Your task: Report back every line from the entries below in which the word "sofa" occurs.

Data records:

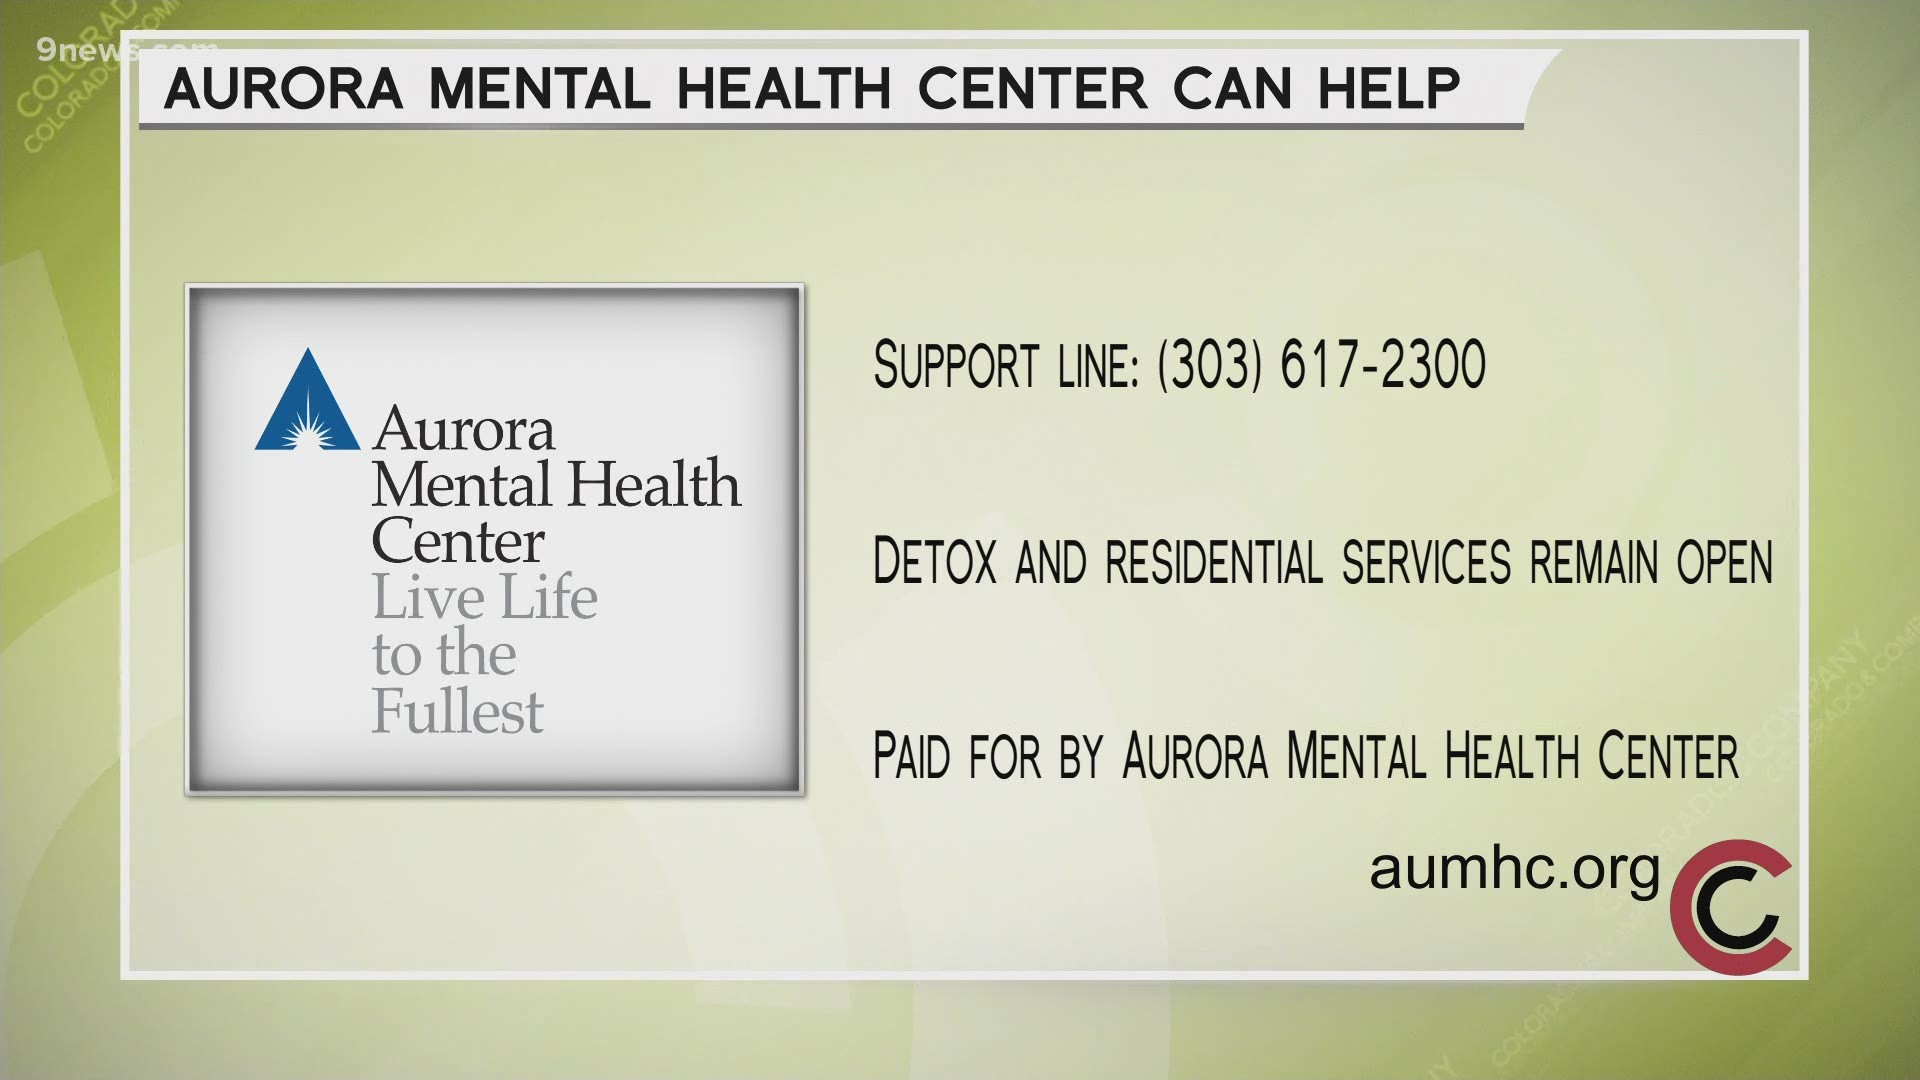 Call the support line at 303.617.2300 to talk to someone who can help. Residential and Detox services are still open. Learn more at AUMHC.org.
==
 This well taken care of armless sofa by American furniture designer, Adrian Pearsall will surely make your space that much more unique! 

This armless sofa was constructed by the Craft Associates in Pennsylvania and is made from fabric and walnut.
==
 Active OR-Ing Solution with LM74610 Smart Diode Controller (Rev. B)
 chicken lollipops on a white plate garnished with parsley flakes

Output of the task:
 This well taken care of armless sofa by American furniture designer, Adrian Pearsall will surely make your space that much more unique! 
This armless sofa was constructed by the Craft Associates in Pennsylvania and is made from fabric and walnut.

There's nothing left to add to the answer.